**TASK STATEMENT**. Only the lines below from the one that contains "Filiżanka do herbaty" through the one that contains "Vista di Nant" should appear in your answer, exact and without pictures.
═══ ENTRIES SUPPLIED ═══
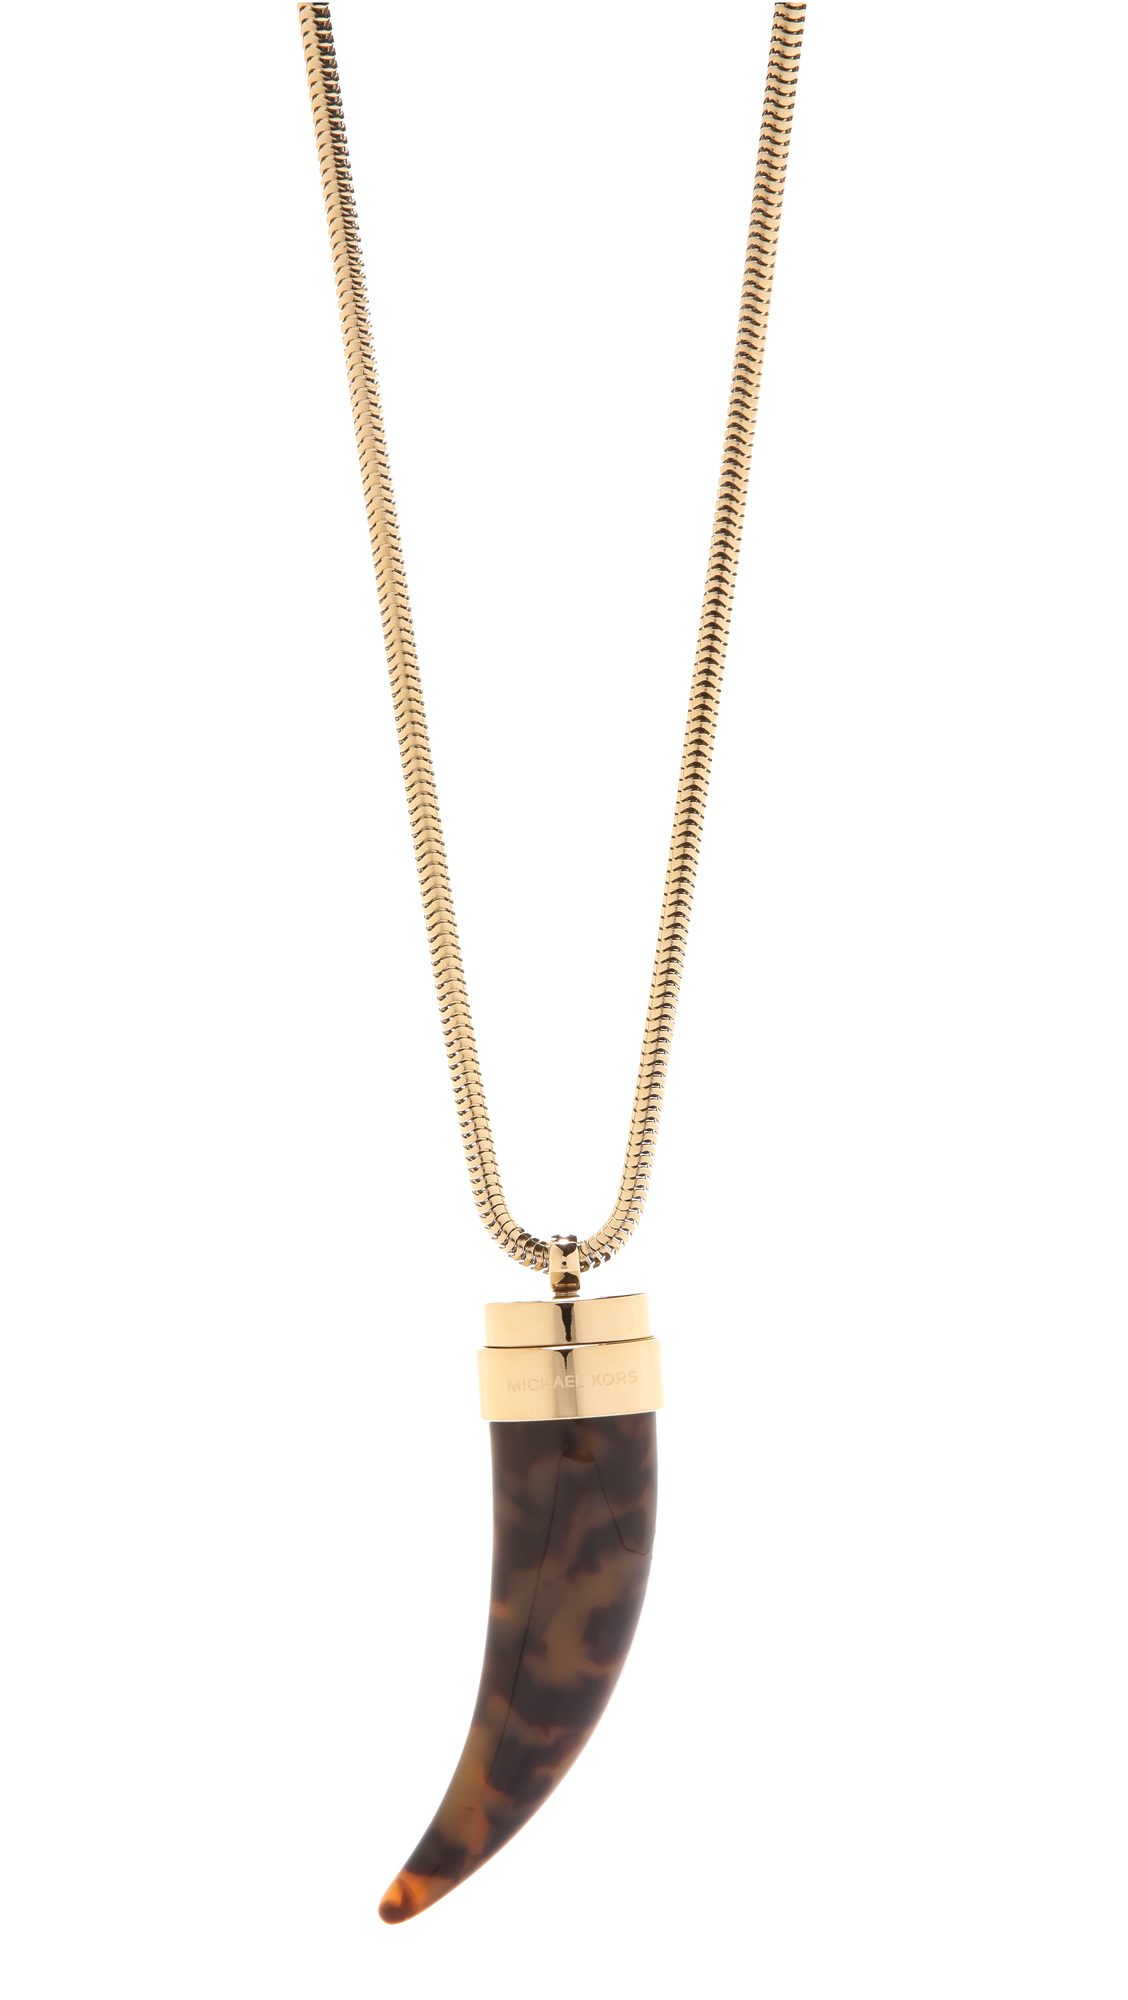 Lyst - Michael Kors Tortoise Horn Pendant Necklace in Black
═══
═══ ENTRIES SUPPLIED ═══
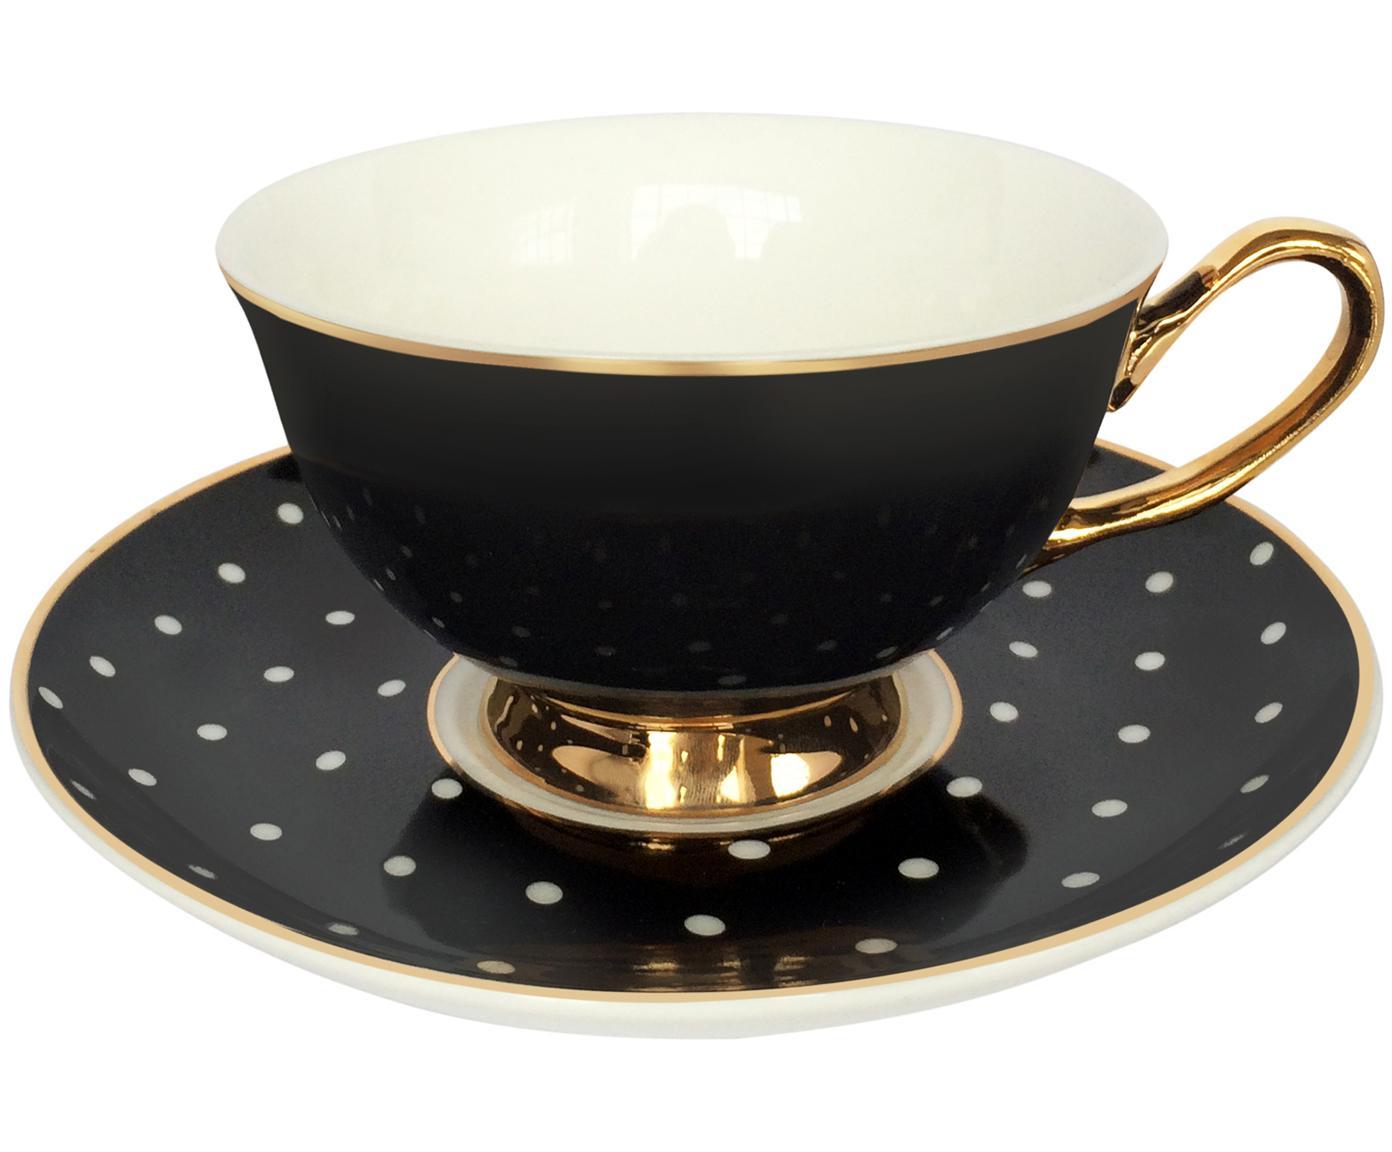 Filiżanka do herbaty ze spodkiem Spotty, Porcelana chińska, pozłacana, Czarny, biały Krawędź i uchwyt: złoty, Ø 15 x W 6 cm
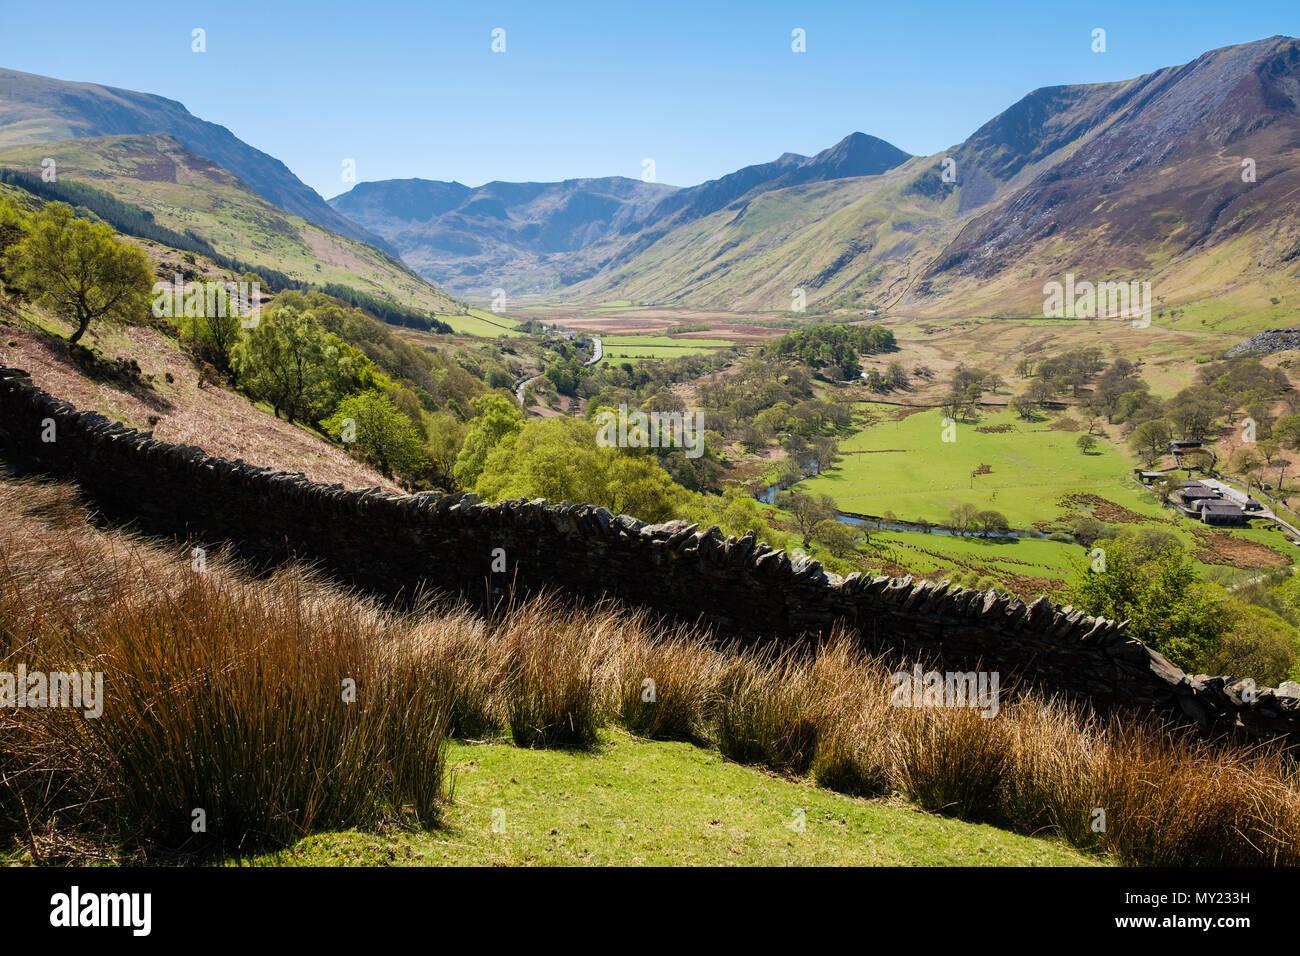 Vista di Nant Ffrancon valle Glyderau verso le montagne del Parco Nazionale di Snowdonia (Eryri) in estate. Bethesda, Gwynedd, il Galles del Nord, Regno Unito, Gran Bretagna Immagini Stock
═══
**TASK SOLUTION**.
 Filiżanka do herbaty ze spodkiem Spotty, Porcelana chińska, pozłacana, Czarny, biały Krawędź i uchwyt: złoty, Ø 15 x W 6 cm
 Vista di Nant Ffrancon valle Glyderau verso le montagne del Parco Nazionale di Snowdonia (Eryri) in estate. Bethesda, Gwynedd, il Galles del Nord, Regno Unito, Gran Bretagna Immagini Stock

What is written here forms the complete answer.